Plus que 365 jours… (206/365)

Septembre est une jardinière de prunes – XXIII

Huit heures se pointent lorsqu’il passe devant le violon, le Gaspard, l’auberge Au Violon, à Eltville, le long du Rhin, au milieu du vignoble, en Allemagne, fort loin de Riga.
La patronne qui prend le frais sur le pas de porte – de l’auberge Au Violon, à Eltville, le long du Rhin, au milieu du vignoble, en Allemagne, fort loin de Riga –, le reconnaît instantanément: stature, corpulence, forme du visage, forme des lunettes, couleur du sac – Heinrika l’a bien mise au courant – et le salue d’un joyeux Bonjour Gaspard! Interdit, Gaspard plante sur ses vibram et stoppe Au Violon, bouche bée.

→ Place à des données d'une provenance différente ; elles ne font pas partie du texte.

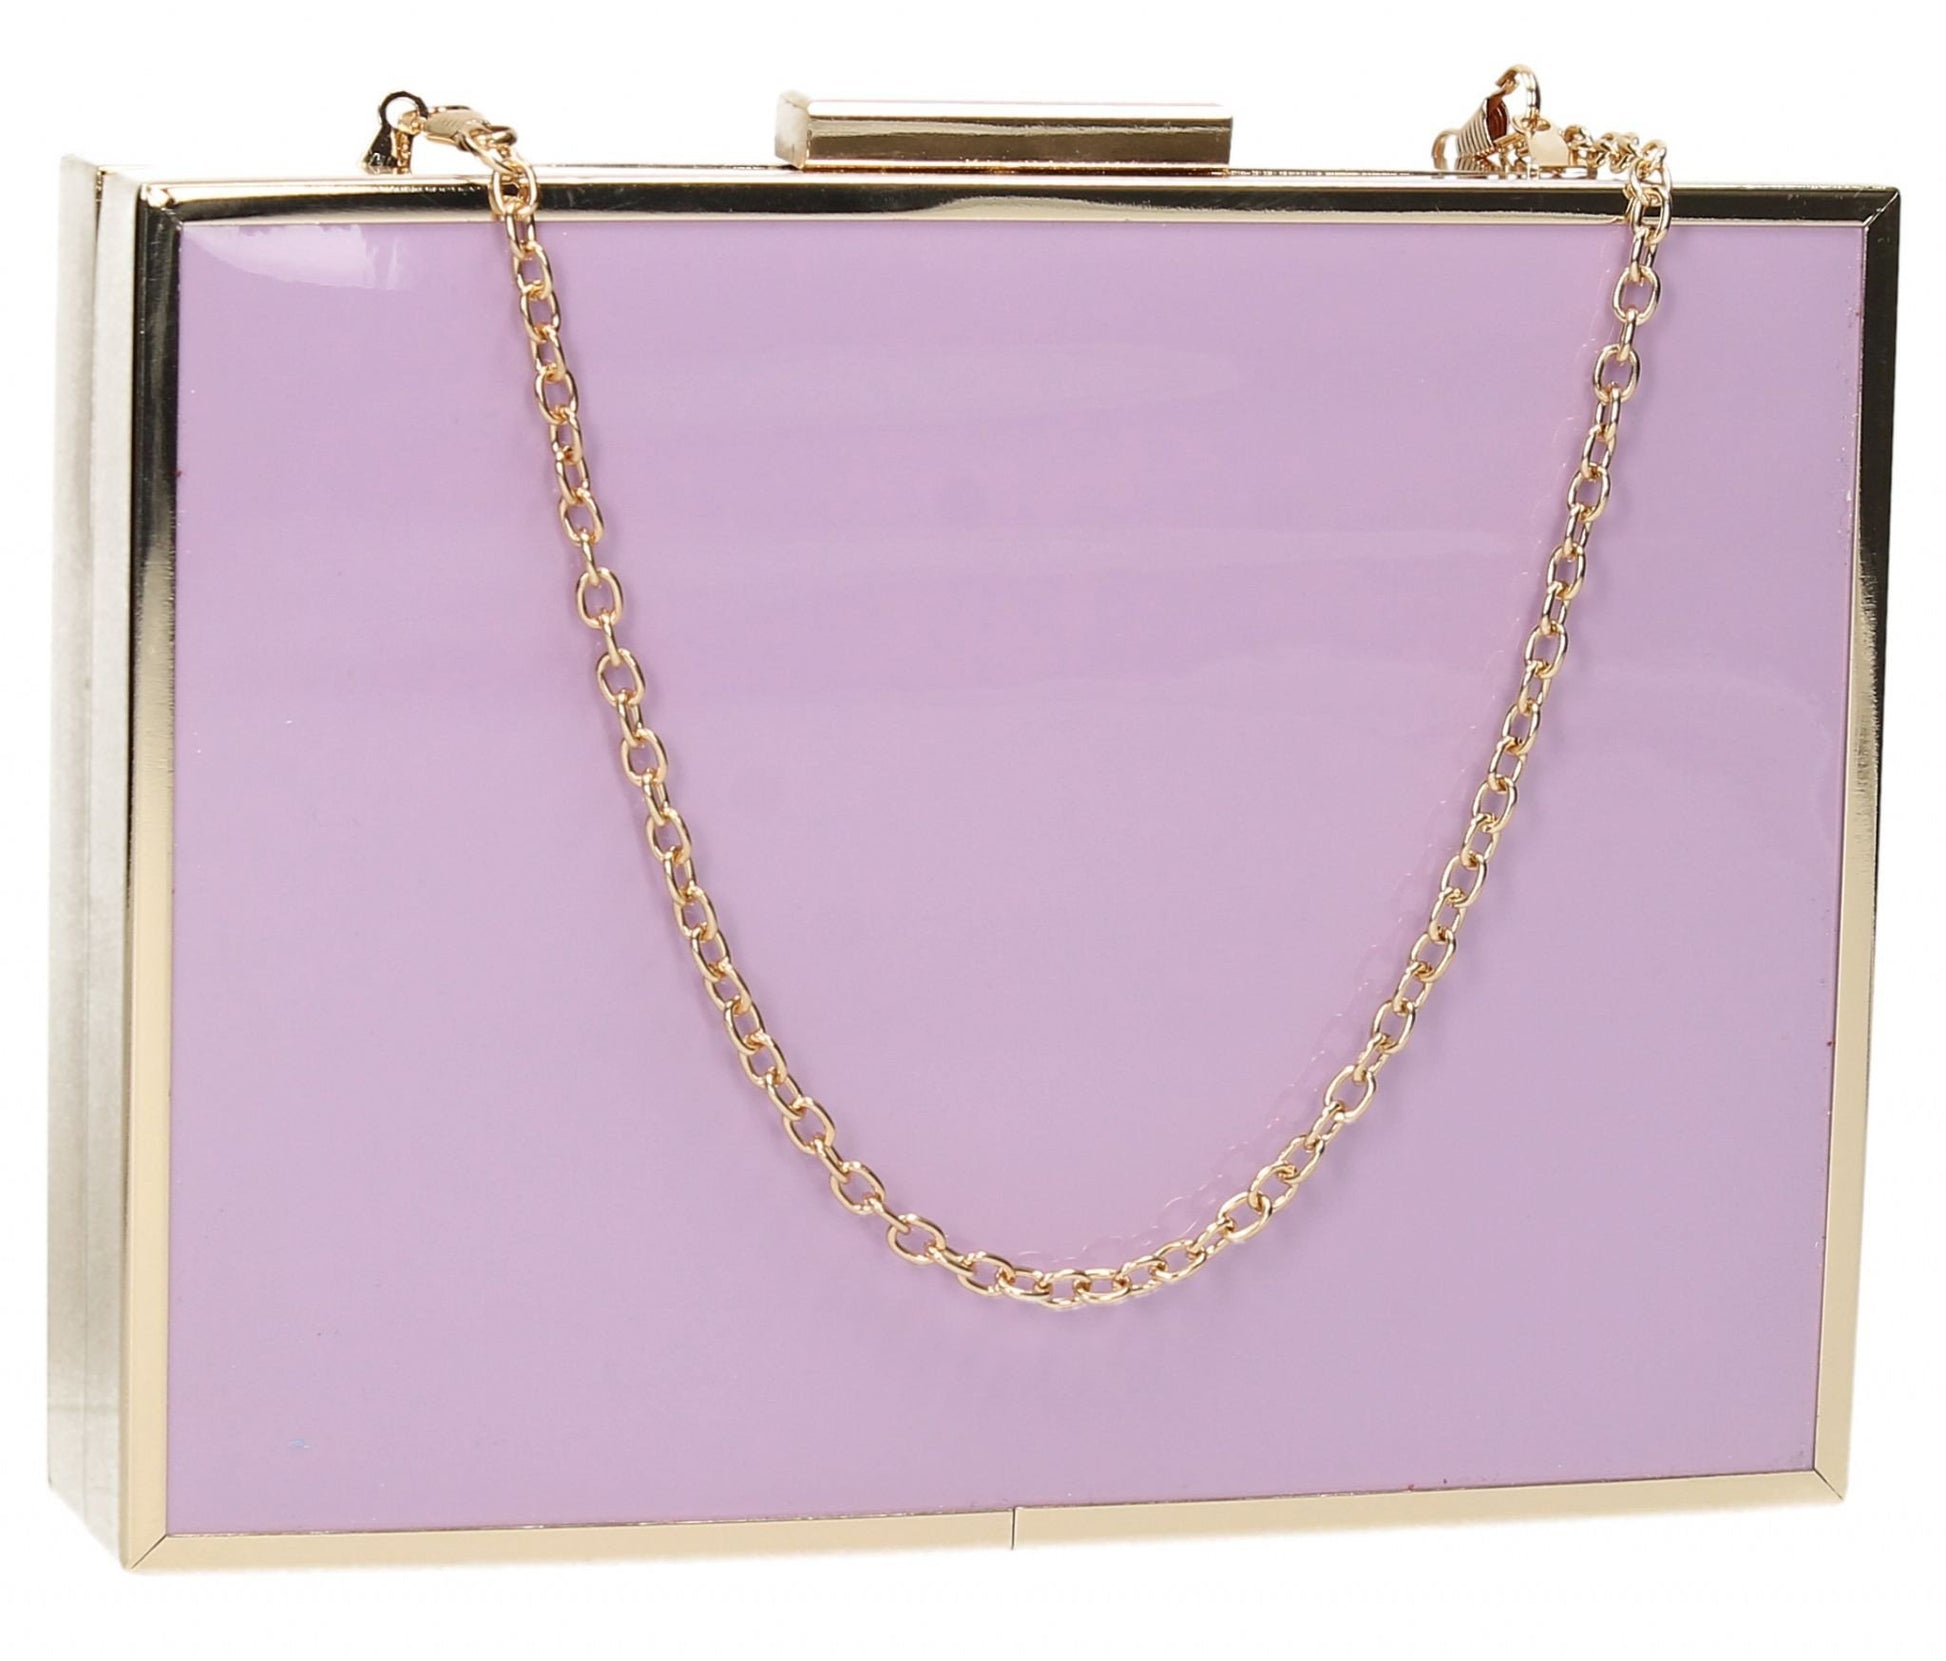 SWANKYSWANS Kate Box Clutch Bag Lilac Cute Cheap Clutch Bag For Weddings School and Work

La patronne, qui n’est pas vilaine – bouche bée, le Gaspard –, le met à son tour au courant; Heinrika a dormi ici, elles ont déjeuné ensemble de très bon matin, dans la cuisine, et maintenant elle file le long du Rhin.
Il devient pâle, Gaspard et elle s’en inquiète, la patronne qui n’est pas vilaine et qui prend le frais devant son auberge, elle lui propose de reprendre des forces en déjeunant, il accepte et elle redéjeune avec lui, celle qui n’est pas vilaine à regarder, puis elle lui propose son lit, à Gaspard, pas le sien mais celui d’Heinrika, la chambre est payée mais pas encore faite, ne vous gênez pas, et n’allez pas me faire croire que vous ne lui courez pas après aussi un peu pour ça, c’est qu’elle n’est pas vilaine l’Heinrika qu’elle lui dit, la patronne pas vilaine, en le précédant dans l’escalier, le Gaspard, qui n’ose pas trop regarder devant lui car elle est un peu à l’étroit dans sa robe la patronne qui monte devant lui et qui n’est pas vilaine de dos non plus.
Seul dans la chambre Gaspard ne se sent pas pousser des ailes à l’idée de dormir dans le lit déjà payé qui garde l’empreinte tiède du corps d’Heinrika, le corps de celle qui est seule sur la berge et avance à grands pas, le corps de celle celle qui s’est parée des idées et des bottes du chat de Perrault, des bottes de sept lieues qui la font avancer tandis que Gaspard, immobile dans la chambre Au Violon, ne se sent pas pousser des ailes alors qu’il va dormir dans les plumes d’Heinrika.